Max Bennett is Ukiah's partner. A millionaire, Max became an investigator specializing in finding missing persons after his wife disappeared.

Indigo Zheng is an FBI agent and Ukiah's girlfriend.

Prime was one of the alien Ontongard, but because of a mutation, he was not part of the hive mind.

Coyote, as Prime's Get, continued the war against the Ontongard, eventually taking human shape. 

Rennie Shaw was Coyote's first Get, and is the leader of the Pack as a whole, and the Dog Warriors in particular. He was a soldier in the Civil War, and Coyote discovered him trapped under a horse and dying.

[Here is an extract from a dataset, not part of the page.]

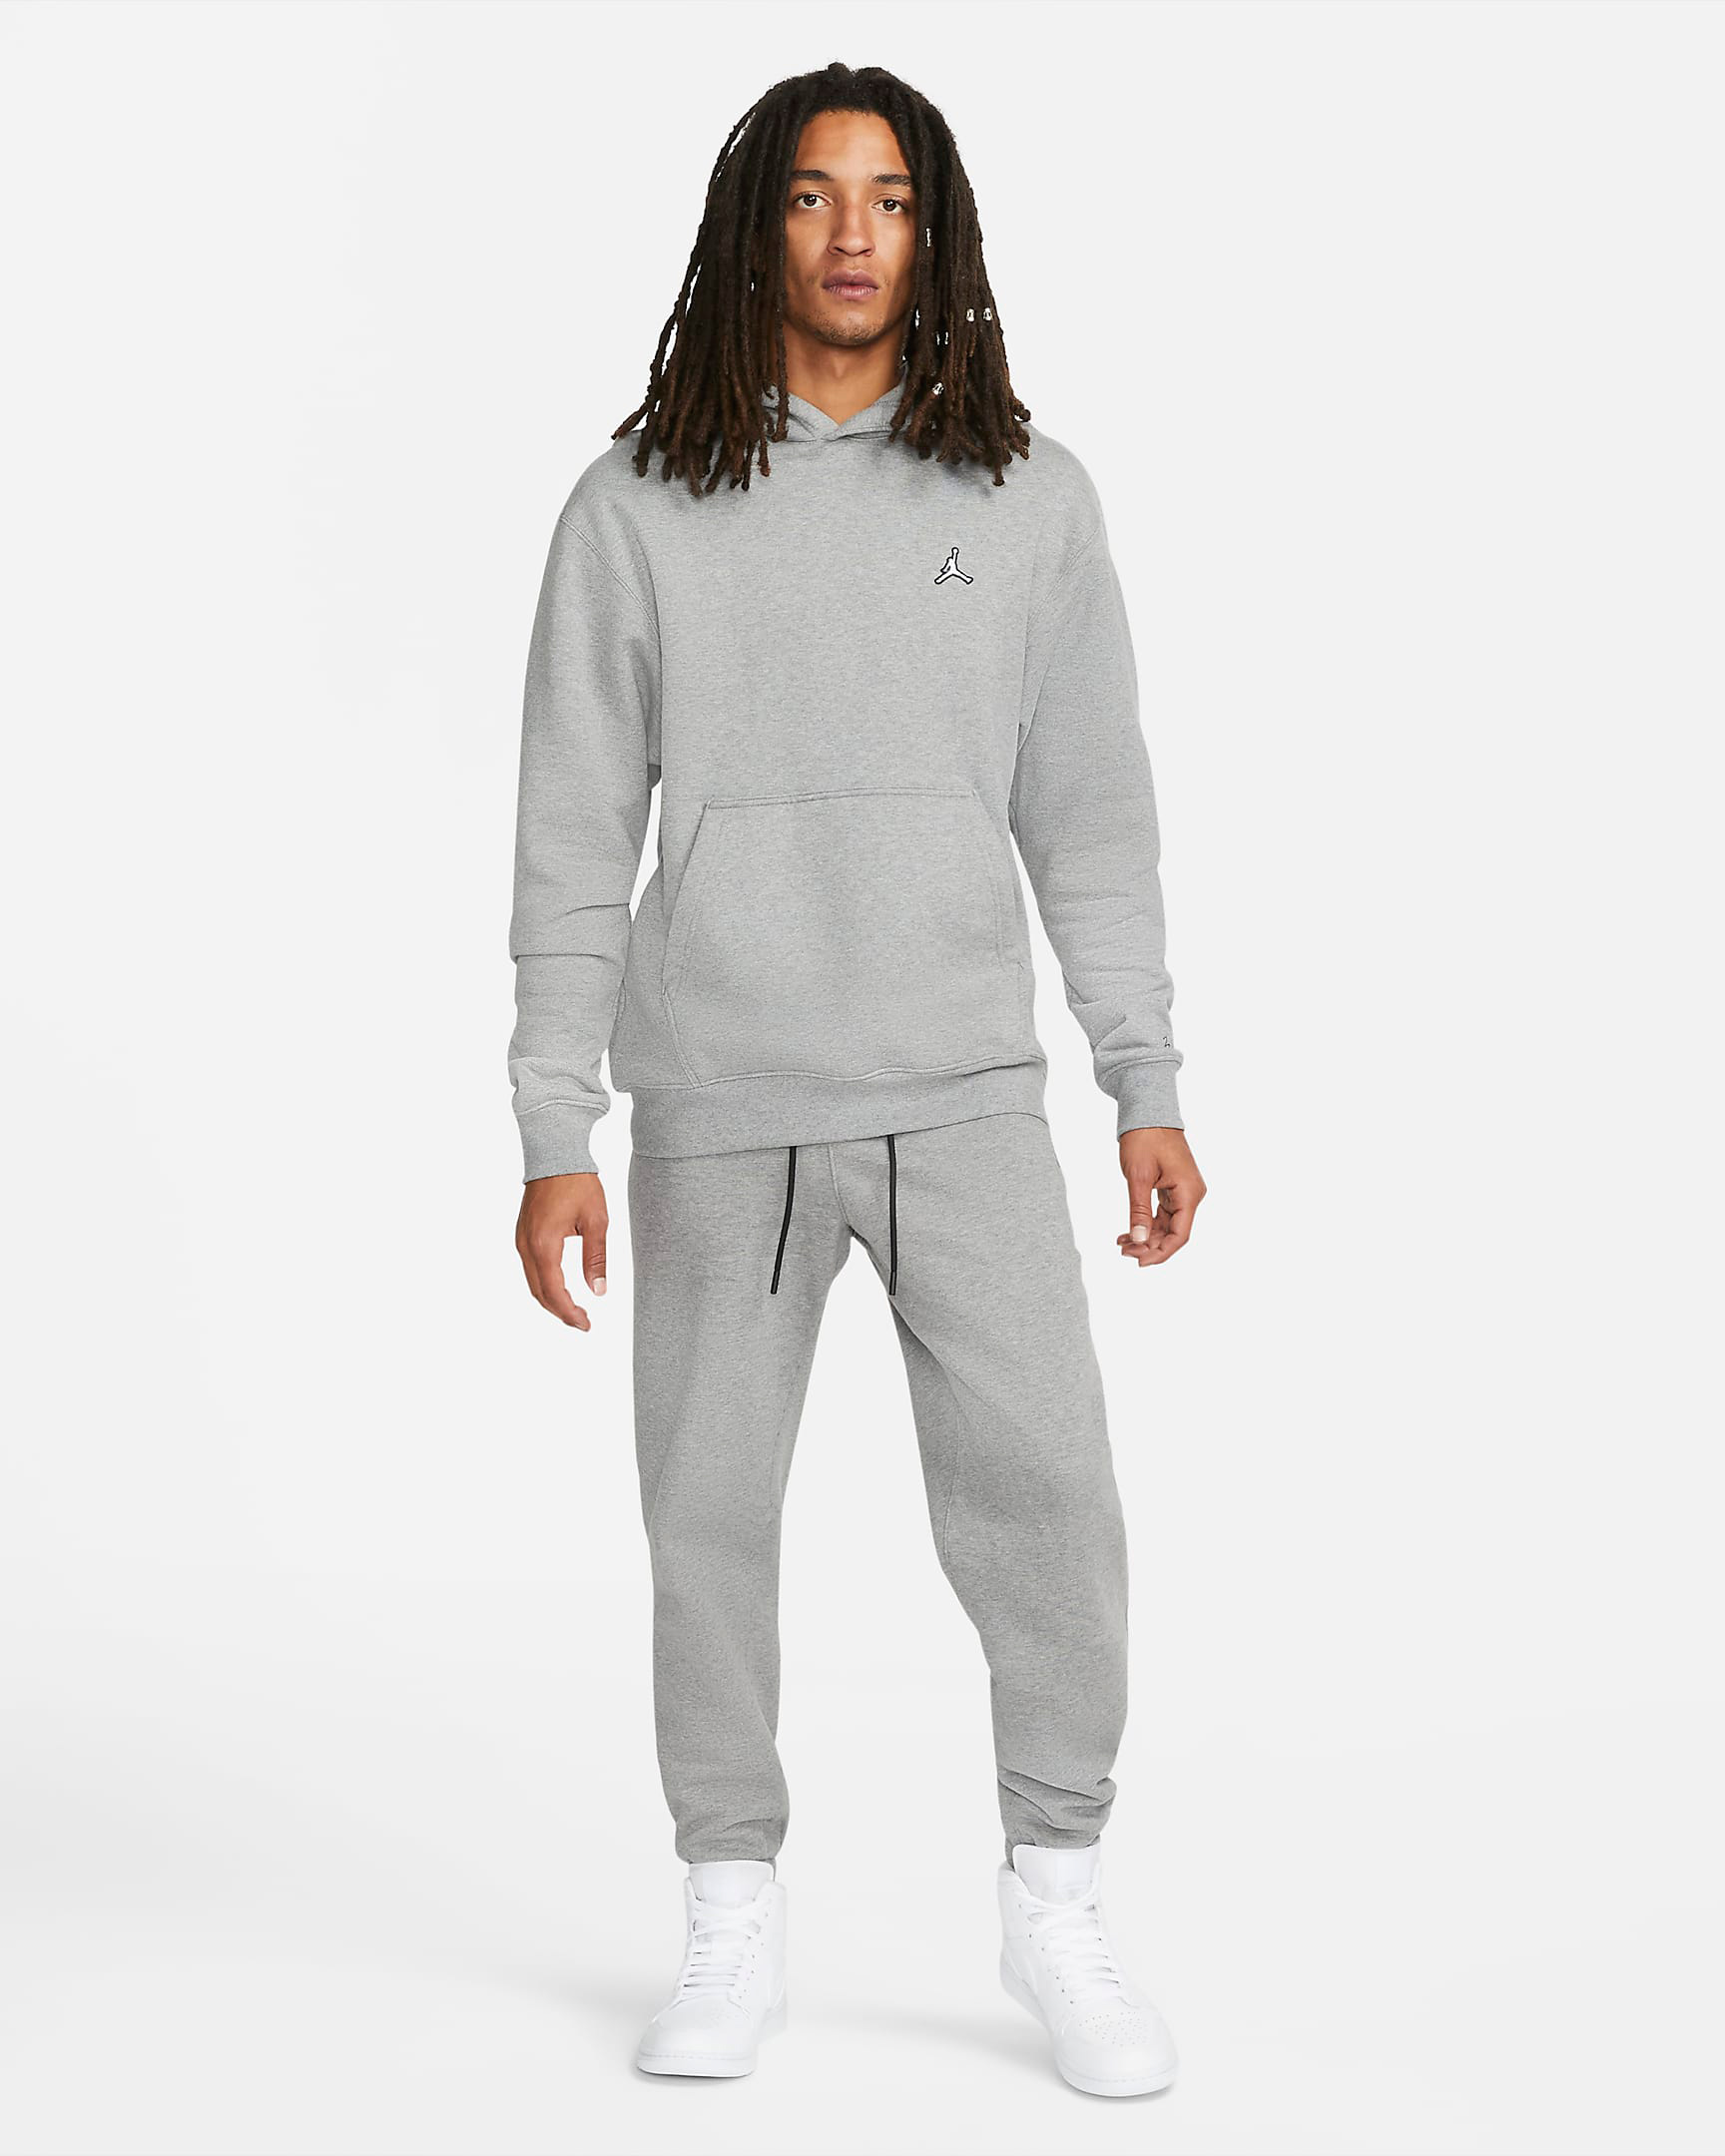 air-jordan-11-cool-grey-2021-pullover-hoodie-pants-outfit

Hex is the Ontongard on Earth.

Kittaning is Ukiah's son.

Samual Anne Killington is a Pendleton, Oregon-based private investigator whom Ukiah and Max meet while investigating the disappearance of Alicia Kraynak.

Mom Jo and Mom Lara are Ukiah's adoptive lesbian mothers. They also have a daughter named Callie.

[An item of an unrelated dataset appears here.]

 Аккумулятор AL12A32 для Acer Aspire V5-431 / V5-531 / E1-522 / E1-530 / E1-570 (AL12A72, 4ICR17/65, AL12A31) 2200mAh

Raymond Kraynak, a homicide detective and a friend of Max's from the Gulf War.

Magic Boy was the original breeder created by Prime. 

Jesse Kicking Deer is an old man by the time Ukiah meets him.

Zoey Kicking Deer, Ukiah's young (and distant) cousin, is the first to believe he is Magic Boy.

Jared Kicking Deer is the sheriff of Pendleton and Zoe's older brother.

Cassidy Kicking Deer is Ukiah's distant cousin and the owner of a hardware store. 

Atticus Steele is Ukiah's brother.

Hikaru Takahashi is Atticus's partner and lover.

Kyle Johnson is the third member of Atticus's team.